Back to Trino

Trino Benchto benchmarks

testing/trino-benchto-benchmarks/README.md

4803.4 KB
Original Source

Trino Benchto benchmarks

The Benchto benchmarks utilize Benchto benchmarking utility to do macro benchmarking of Trino. As opposed to micro benchmarking which exercises a class or a small, coherent set of classes, macro benchmarks done with Benchto use Trino end-to-end, by accessing it through its API (usually with trino-jdbc), executing queries, measuring time and gathering various metrics.

Benchmarking suites

Even though benchmarks exercise Trino end-to-end, a single benchmark cannot use all Trino features. Therefore benchmarks are organized in suites, like:

  • tpch - queries closely following the TPC-H benchmark
  • tpcds - queries closely following the TPC-DS benchmark

Usage

Requirements

Configuring benchmarks

Benchto driver needs to know two things: what benchmark is to be run and what environment it is to be run on. For the purpose of the following example, we will use tpch benchmark and Trino server running at localhost:8080, with Benchto service running at localhost:8081.
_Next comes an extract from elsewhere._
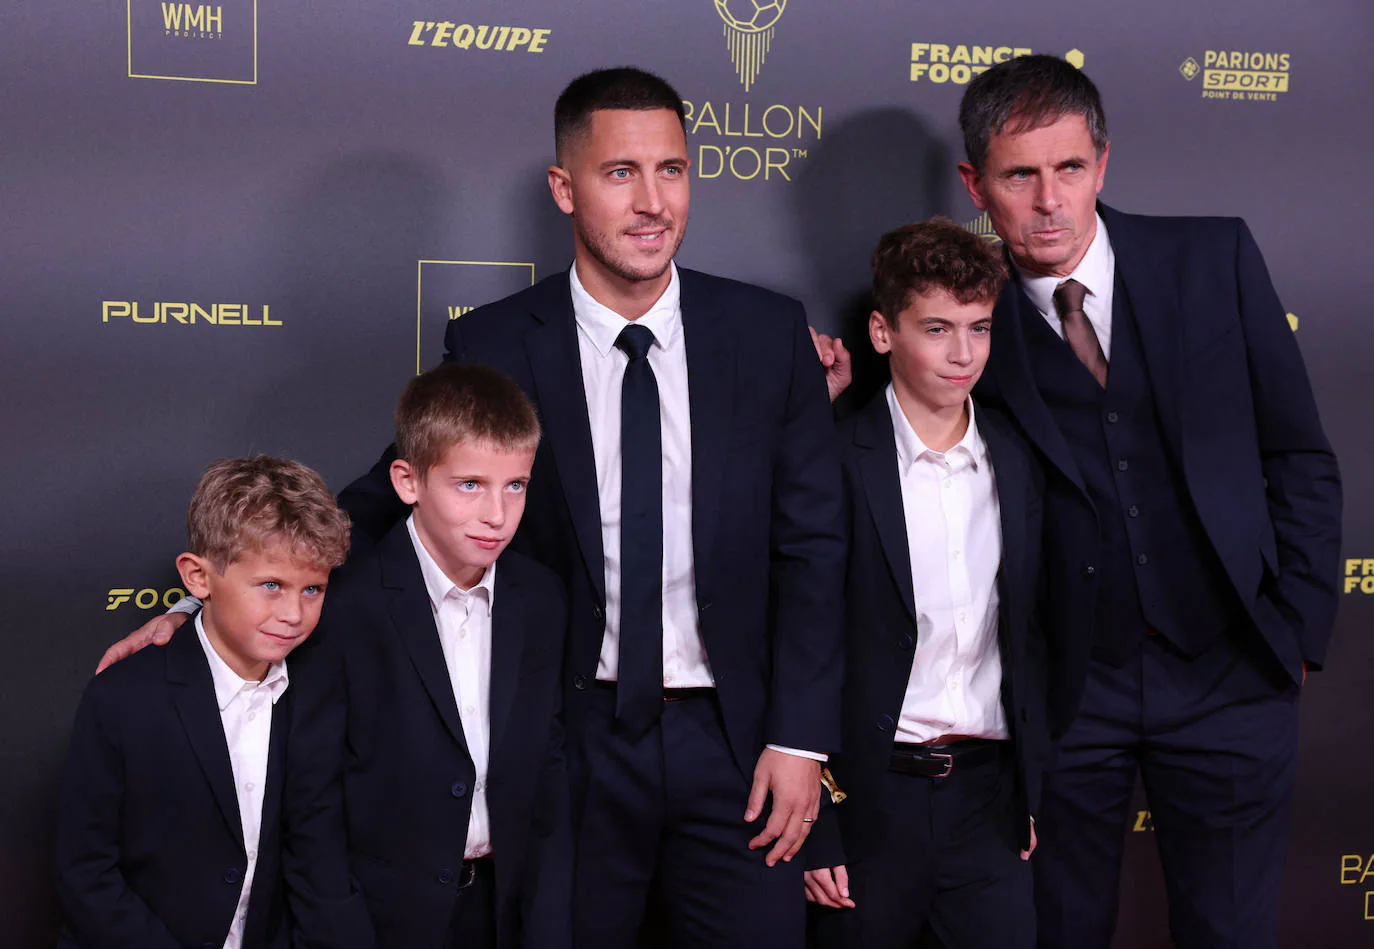 Eden Hazard, exfutbolista de Lille, Chelsea y Real Madrid, llega a la gala acompañado por su familia.

Benchto driver uses Spring Boot to locate environment configuration file, so to pass the configuration. To continue with our example, one needs to place an application.yaml file in the current directory (i.e. the directory from which the benchmark will be invoked), with the following content:

yaml
benchmarks: src/main/resources/benchmarks
sql: sql/main/resources/sql
query-results-dir: target/results

benchmark-service:
  url: http://localhost:8081

data-sources:
  trino:
    url: jdbc:trino://localhost:8080
    username: na
    driver-class-name: io.trino.jdbc.TrinoDriver

environment:
  name: TRINO-DEV

presto:
  url: http://localhost:8080
  username: na

benchmark:
  feature:
    trino:
      metrics.collection.enabled: true

macros:
  sleep-4s:
    command: echo "Sleeping for 4s" && sleep 4

Bootstrapping benchmark data

  • Make sure you have configured Trino TPC-H connector.
  • Bootstrap benchmark data:
    bash
    testing/trino-benchto-benchmarks/generate_schemas/generate-tpch.py --factors sf1 --formats orc | trino-cli-[version]-executable.jar --server [trino_coordinator-url]:[port]
    

Configuring overrides file

It is possible to override benchmark variables with benchto-driver overrides feature. This is useful for instance when one wants to use different number of benchmark runs or different underlying schemas. Create a simple overrides.yaml file:

yaml
runs: 10
tpch_300: tpch_sf1_orc
scale_300: 1
tpch_1000: tpch_sf1_orc
scale_1000: 1
tpch_3000: tpch_sf1_orc
scale_3000: 1
prefix: ""

Running benchto-driver

With the scene set up as in the previous section, the benchmark can be run with:

bash
./mvnw clean package -pl :trino-benchto-benchmarks
java -jar "$HOME/.m2/repository/io/trino/benchto/benchto-driver/0.20/benchto-driver-0.20-exec.jar" \
            --activeBenchmarks=trino/tpch \
            --overrides "overrides.yaml"